There really isn't a right answer here. Social Security was certainly a much better deal during the Great Recession, but it wasn't for a couple decades prior. Will Social Security be a better deal than the stock market in the next few decades? I don't know, and neither do you. Yet it's unquestionable that Social Security is extremely low risk* while the stock market is much higher risk. I don't think it's worth it to subject the retirement security of the entire country to that level of risk. Others might beg to differ. Perhaps rich individuals can tolerate a higher amount of risk because they have so much money and are working fun white collar jobs that they don't want to retire from anyway.


*Social Security is so safe for retirees that benefits are automatically adjusted for inflation.

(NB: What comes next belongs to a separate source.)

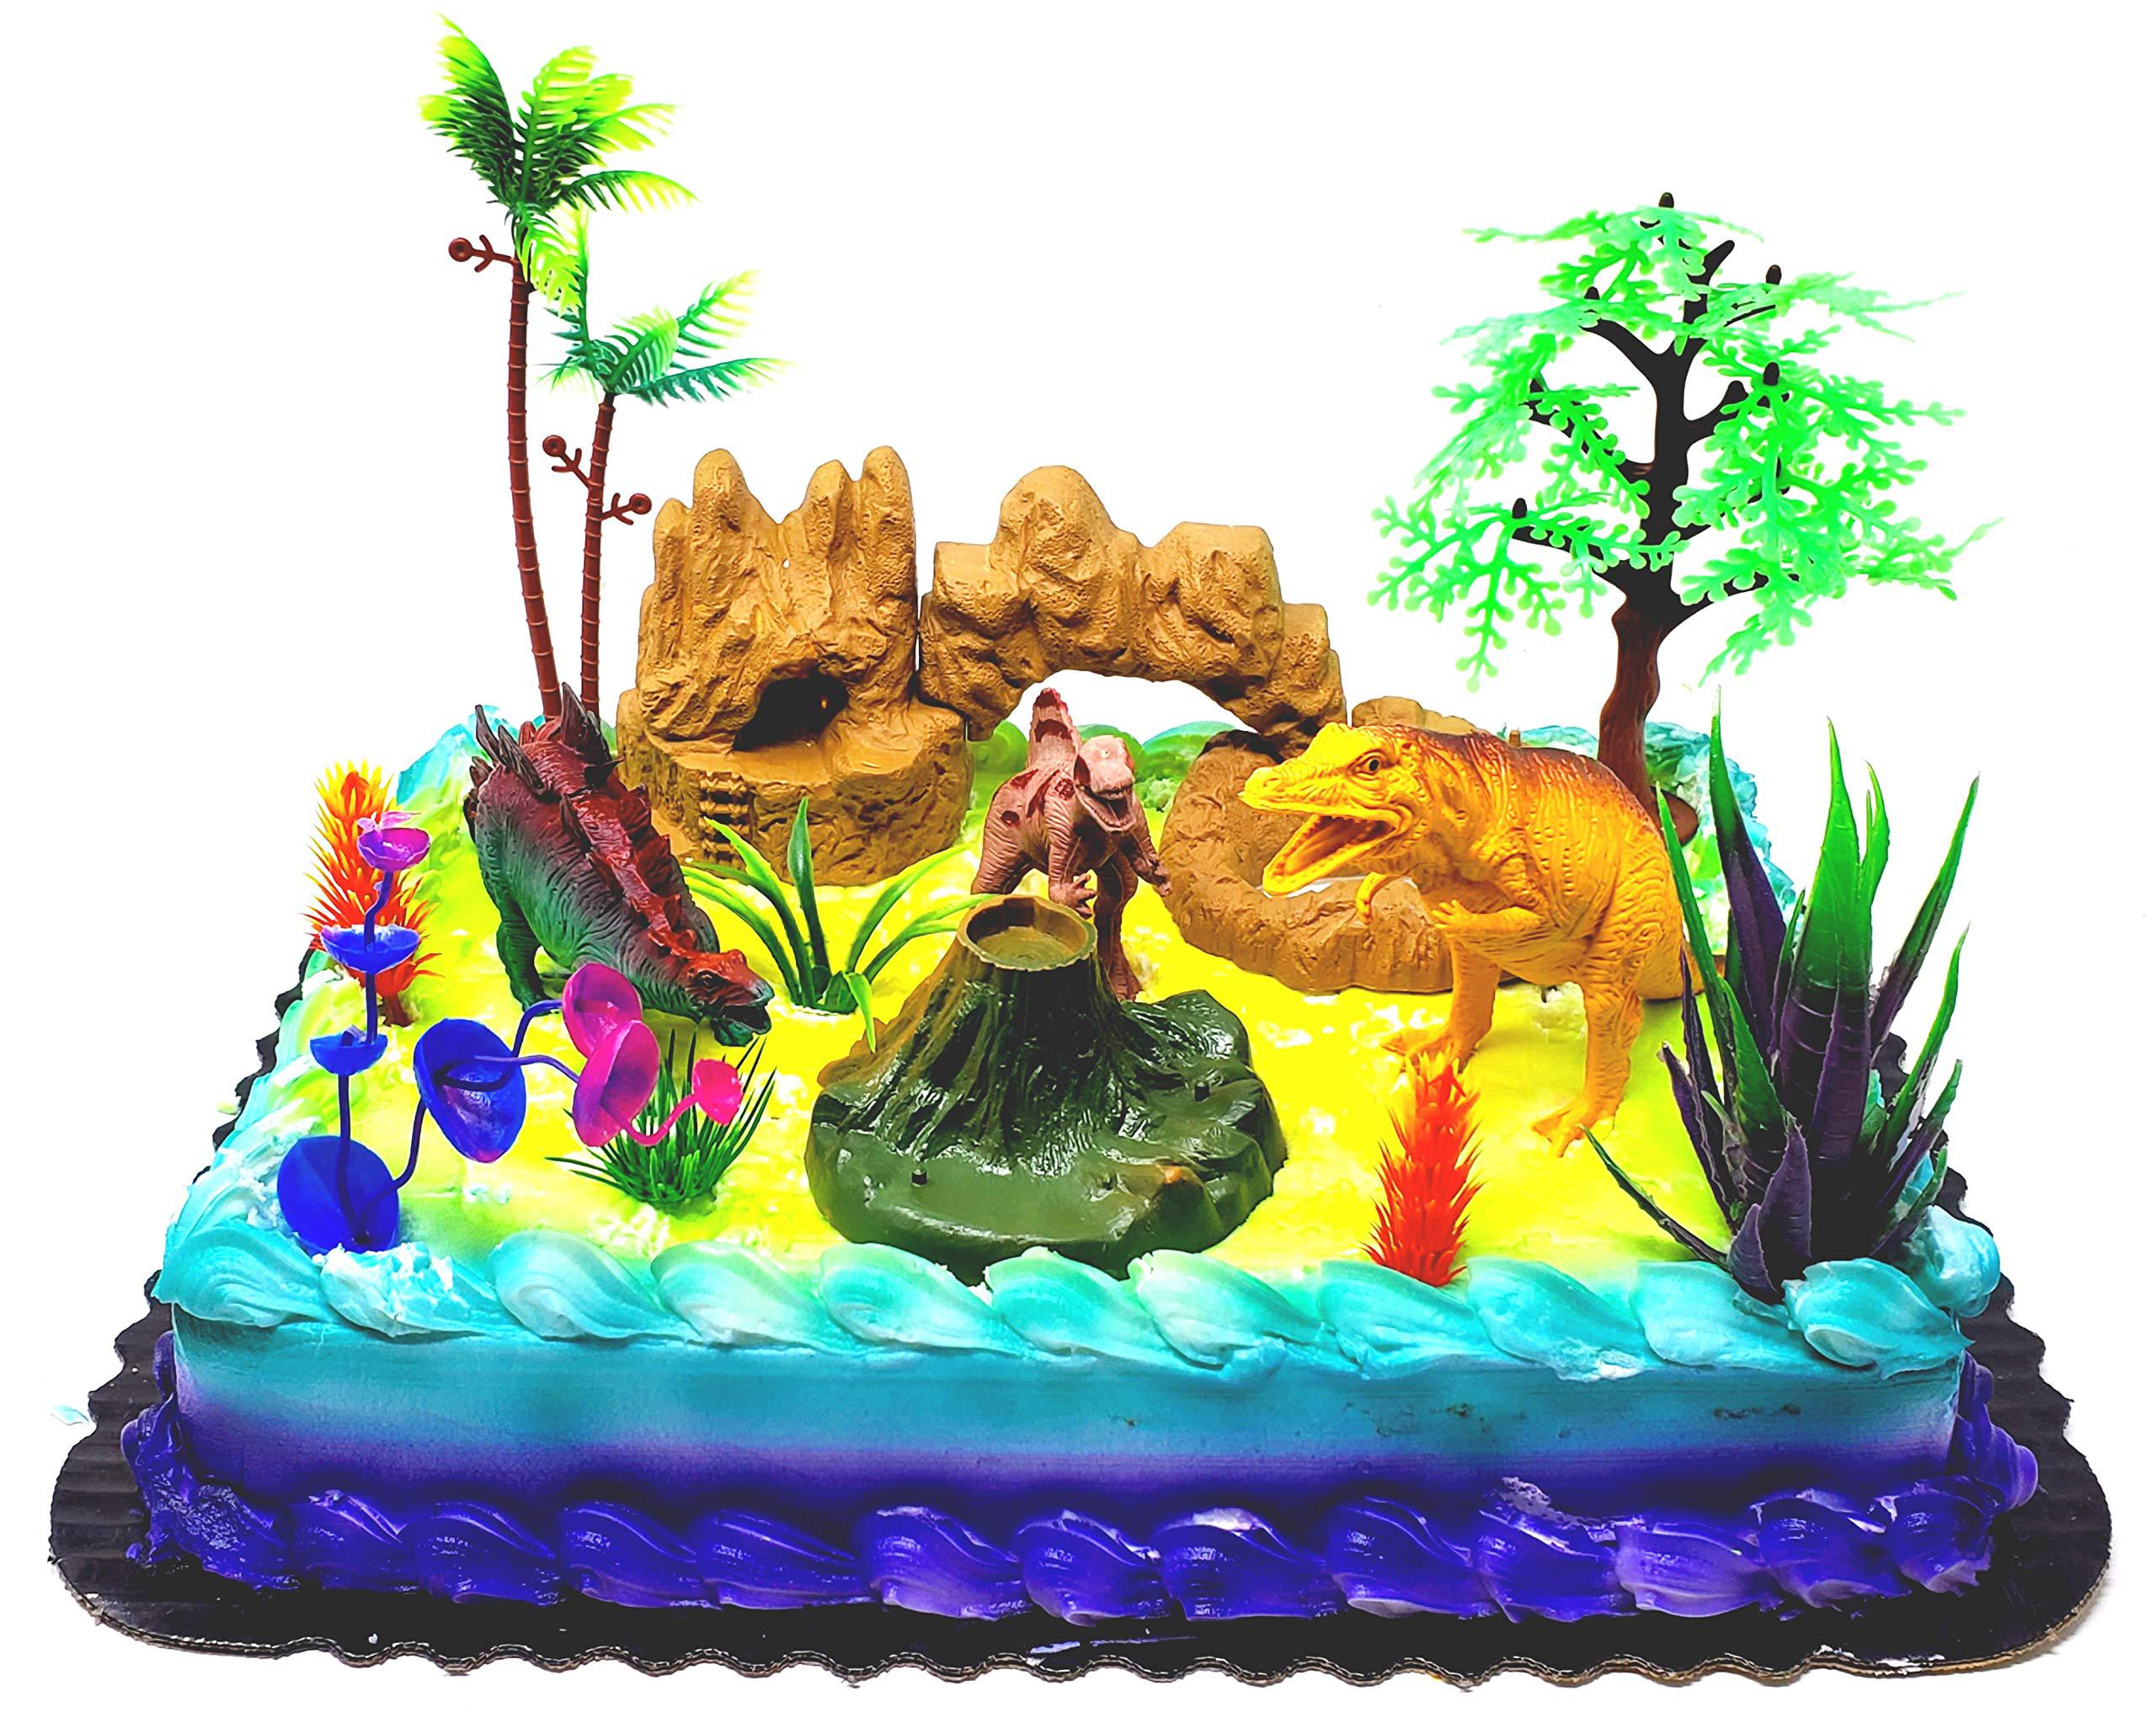 Dinosaur prehistoric roaming dinosaurs 12 piece birthday cake topper set featuring 3 dinosaur figures, themed decorative accessories,

Inflation protected benefits in the private market are basically prohibitively expensive for the vast majority of workers. The private market cannot protect against the risk of inflation as well as the federal government.


Update (3/3/14): I realized quite some time after publishing this post that this post cedes the terms of the debate to Social Security privatizers. My argument essentially was "no, the stock market isn't guaranteed to provide better returns." But that misses the point entirely; as I wrote here, the rate of return matters very little in comparison to the pooling of risk. Social Security privatizers want individual retirement accounts, where risk is not pooled. Even if we could somehow guarantee 7% returns on the stock market indefinitely it wouldn't be worth it because the savings from effectively pooling risk more than compensate the decrease in returns (if any). Social Security's strength is not the rate of return--it's the fact that risk is pooled over the entire country. Even if Social Security got worse returns than the stock market, those worse returns are more than compensated by the fact that risk is pooled over the entire country, rather than each person having to fend for themselves. Read that post for far more information on that point.

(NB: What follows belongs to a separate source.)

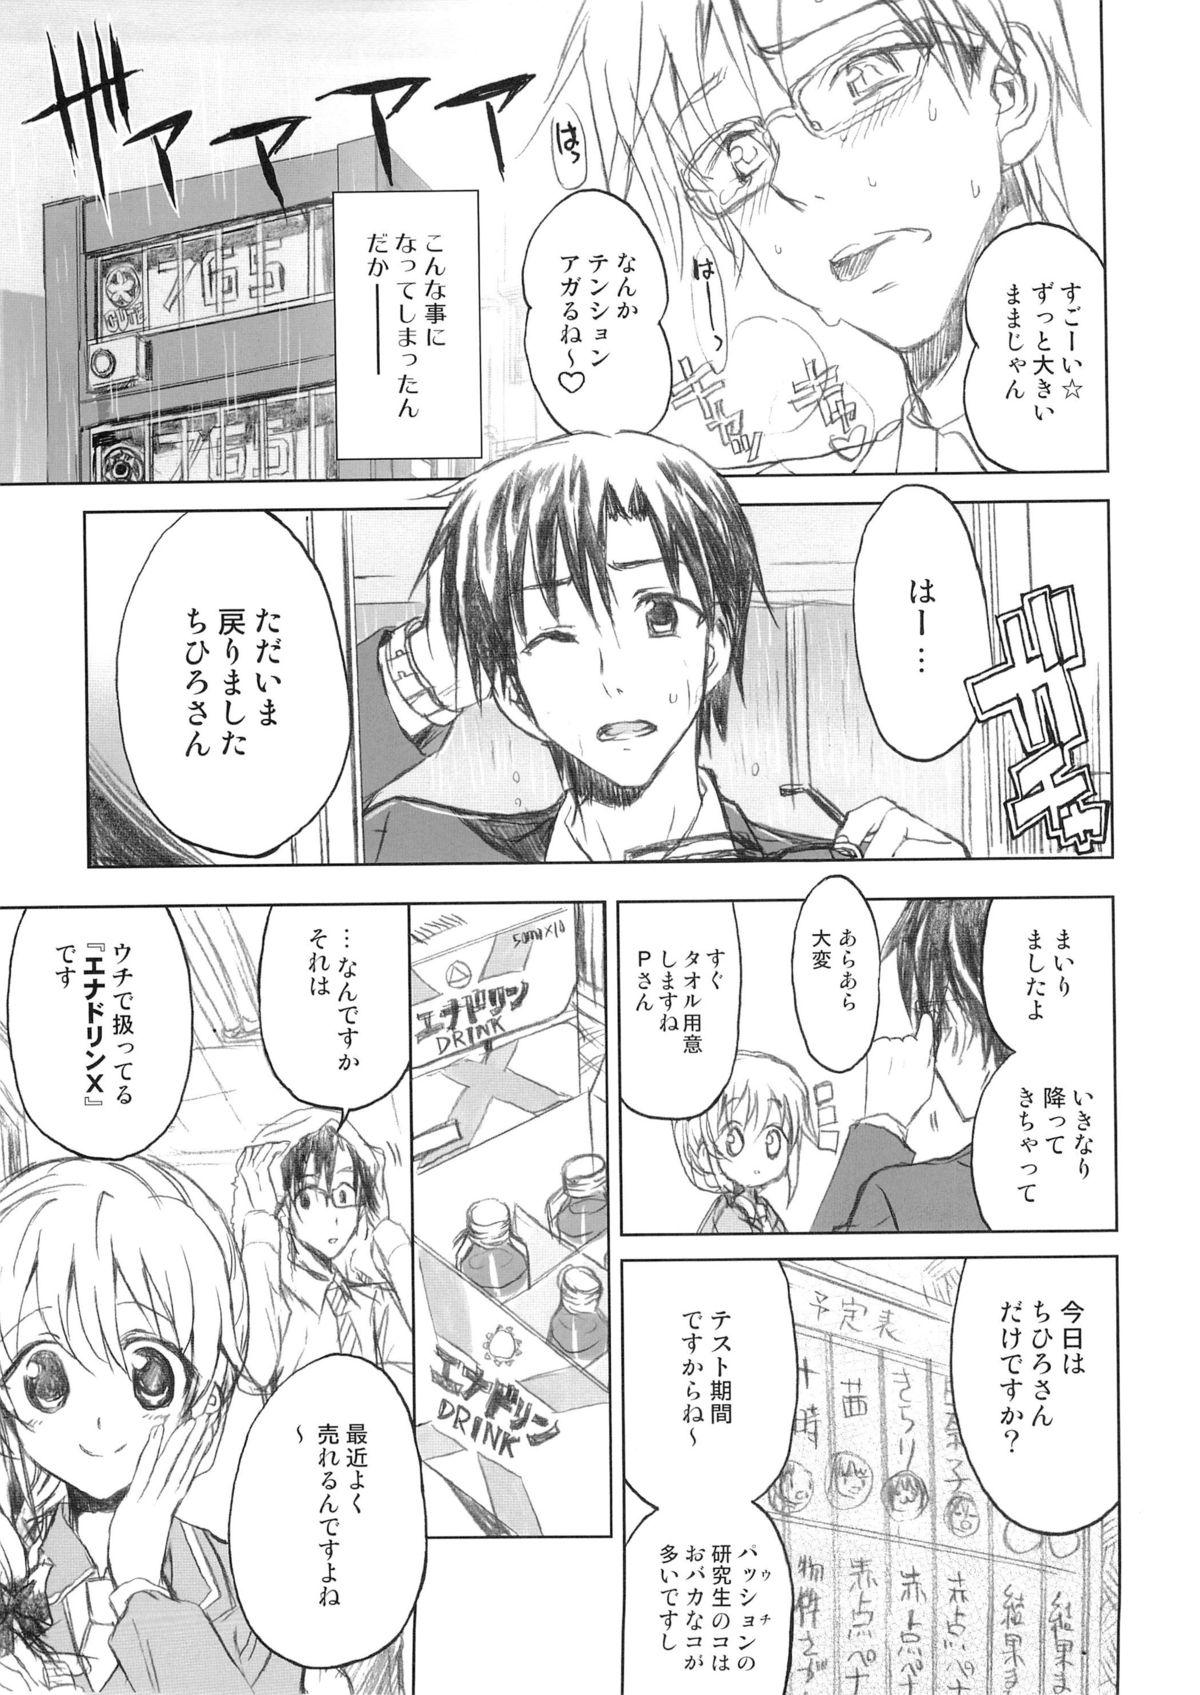 Nerd PASSION FRUITS GIRLS #2 "Jougasaki Mika" - The idolmaster Corrida - Page 8

Of course, as I wrote here, extremely wealthy people don't care about pooling risk because they have no need to; they are so wealthy that their risk of outliving their individual savings is zero. Since they don't have to worry about risk, rate of return is the primary concern. Privatization of Social Security is thus incredibly self-serving. Obviously, what makes most sense for the retirement account of a wealthy financier is certainly not what makes sense for the retirement accounts of people who are not millionaires.